My mother-in-law gave me this yarn years ago. I’m generally happy to accept yarn, even when it’s yarn I’ll be dropping off at Goodwill the next time I (eventually) go. You never know where your next skein of qiviut might come from. Probably not from the hamper of acrylic your co-worker thoughtfully procured from an estate sale, but let’s stoke the fires of optimistic treasure hunting.
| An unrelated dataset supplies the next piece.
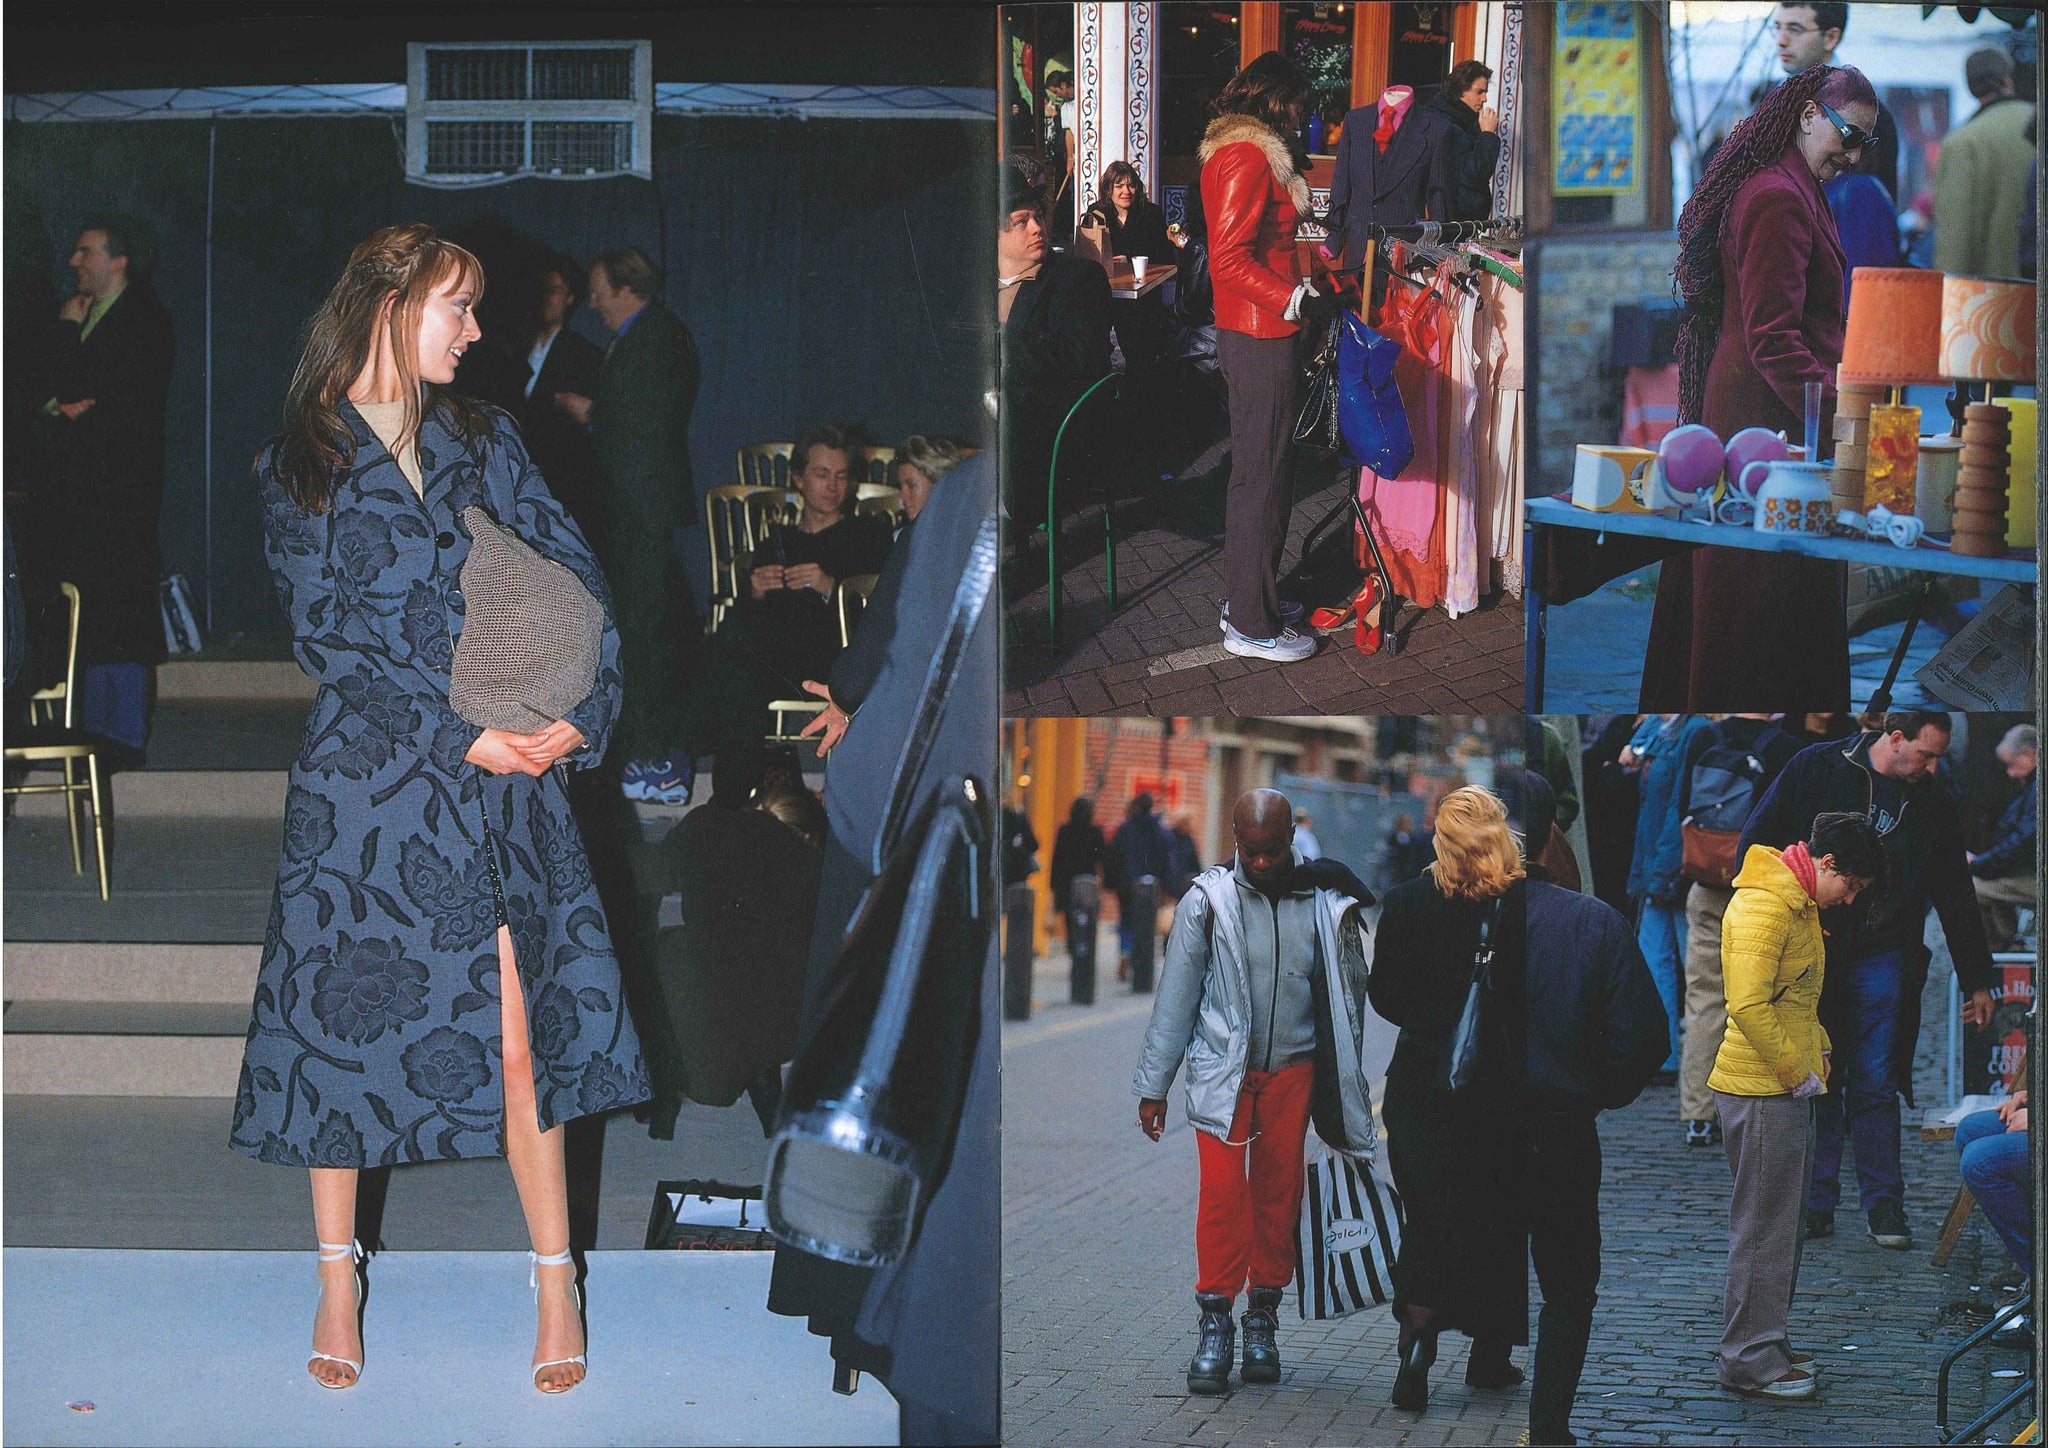 STREET magazine no. 106 / may 1998 / street fashion in london / Shoichi Aoki

My MIL, though, has good yarn taste and knows her stuff and has never given me anything I’m not interested in knitting up. This yarn is gorgeous in a very non-traditionally-yarny way which makes it both appealing and confusing. It’s heavy, dense, cool to the touch, ropey, and has absolutely no give at all. Its unusual qualities are what make it attractive and also make it it hard to know what in the world to do with it which is why, I’m guessing, MIL passed it on to me way back when. It screams post-apocalyptic dystopia. That or chain mail, a knitting trend that based on a cursory google and ravelry search has not managed to catch on well at all.
It knit up at a gauge that seemed to defy all ravelry pattern database records, which is not unusual in itself for the twilight zone experience of gauge, but the limitations of this yarn’s characteristics combined with a gauge heretofore unmeasured in our physical world meant that despite my best intentions and interest this yarn languished. I started and ripped out a project that was’t going to work and wasn’t something I would have worn anyways and proceeded to put the yarn away for , no exaggeration, another 5 years after that failed attempt.
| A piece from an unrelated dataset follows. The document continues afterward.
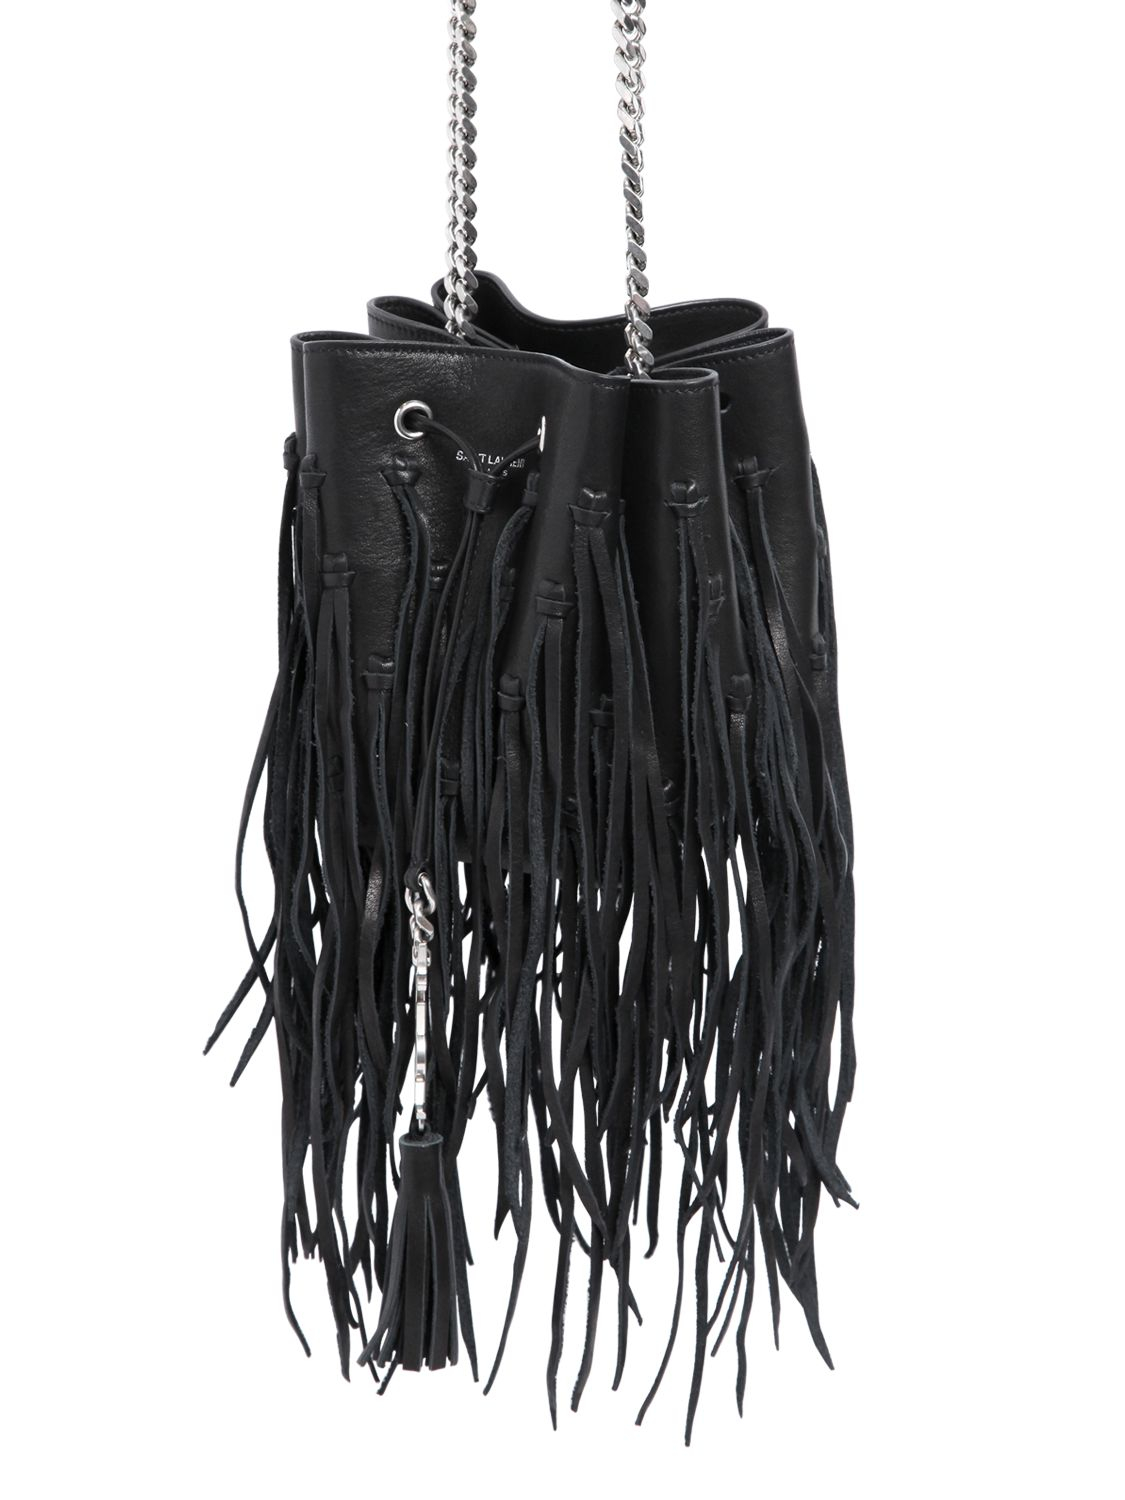 Saint Laurent Ysl Pendant Fringed Leather Bucket Bag in Black | Lyst

I *finally* realized that one of the things holding me back from using this yarn was that there was just so much of it. I didn’t want to make anything with sleeves because the yarn was so heavy and inelastic, but I was unconsciously holding out for a pattern that would use it up. Using some is better than using none, and I finally settled on a simple, appropriately zombie-apocalyptic pattern that required nowhere near the yardage I had on hand.
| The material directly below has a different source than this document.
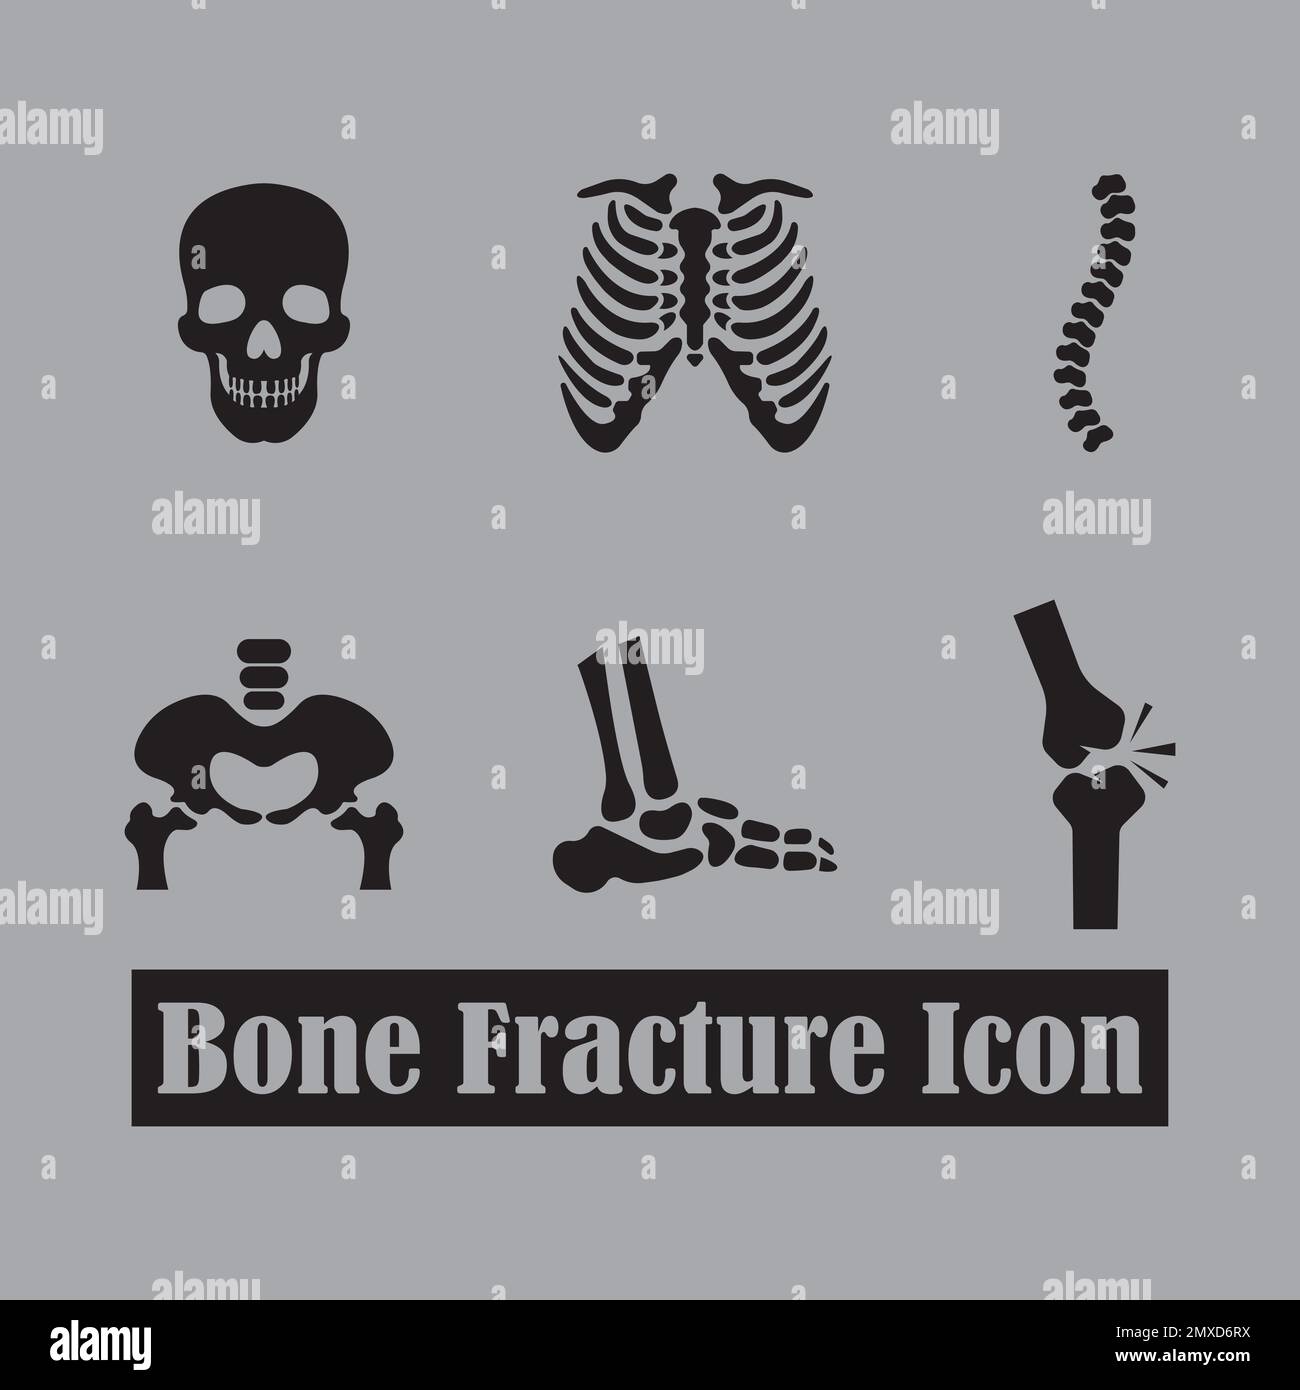 Bone fracture icon vector illustration design template. Stock Vector

Pattern: Slope by Shibui Knits
Size: Cast on smallest hoping for medium
Yarn: Blue Moon Fibert Arts Koi, Indigo Nights (discontinued)
Needle: 4
Gauge remained an issue, but the simpler your garment the more flexible a measurement gauge can be. I cast on the smallest size hoping for something in the middle. In this case it worked fine. It only needed to fit my shoulders and it does. The rest of it is a matter of personal preference.
I flubbed the length measurement. It’s longer than it should be because I was measuring from the wrong place. You can see how a measurement from the front v. side v. back would vary significantly. I also shorted the armholes some by starting the neckline decreases a smidge earlier than the size medium called for.
And now I am ready for the technological singularity.
I know it’s been point out a million times, but how can knitwear so prevalent in post-apocalyptic hellscapes and yet nobody has the skill to repair it? So many holes and running stitches. Get it together future-dwellers.